１１…入力手段、１２…応答生成手段、１３…出力手
段。11 ... input means, 12 ... response generation means, 13 ... output means.

───────────────────────────────────────────────────── フロントページの続き (51)Int.Cl.⁶ 識別記号ＦＩＧ１０Ｌ 9/00 ３０１Ｇ０６Ｆ 15/62 ３２１Ａ ──────────────────────────────────────────────────続き Continued on the front page (51) Int.Cl. ⁶ Identification code FI G10L 9/00 301 G06F 15/62 321A

Claims

[Claims]

1. An input unit for inputting a voice feature obtained from a voice uttered by a user as a state of the user, and at least one input from the input unit includes a parameter representing a state of an artificial agent that interacts with the user. Response generation means for generating a response to the user according to a value that increases or decreases according to a change in the state of the parameter; and a response generated by the response generation means to the user by at least one of voice and image. In a dialogue device by an artificial agent having an output means for expressing,
The response generating means sets a function whose absolute value takes a predetermined increase value and takes a negative value with an increase in the value of the parameter as a function 1, and calculates a value representing the state of the user and a time derivative of the parameter. When a function that takes a predetermined value according to the change in the difference is defined as a function 2, a state function represented by a differential equation in which the sum of the function 1 and the function 2 is equal to the second derivative of the parameter is created, and An interactive apparatus, wherein when the time derivative of the parameter by the function is negative, a response of the artificial agent to the user is generated, and the response is output with a magnitude corresponding to the absolute value of the time derivative of the parameter.

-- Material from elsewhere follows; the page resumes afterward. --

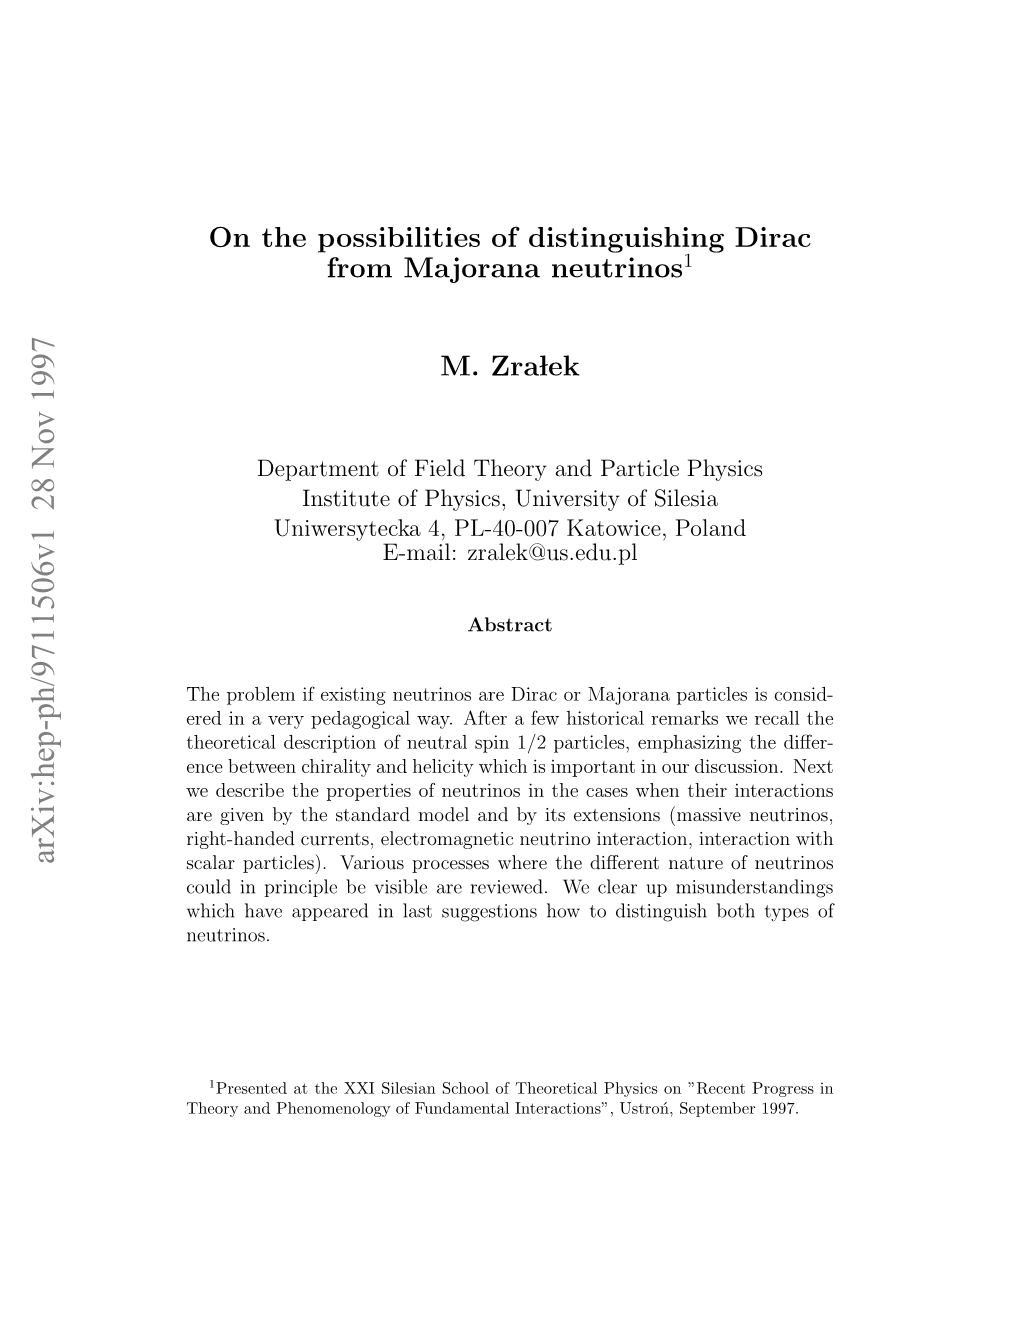 On the Possibilities of Distinguishing Dirac from Majorana Neutrinos

2. The interactive device according to claim 1, wherein a logarithm of audio power is used as the audio feature.

3. The interactive device according to claim 1, wherein an audio pitch is used as the audio feature.

4. The interactive device according to claim 1, wherein the output of the response to the user by the output unit is a companion.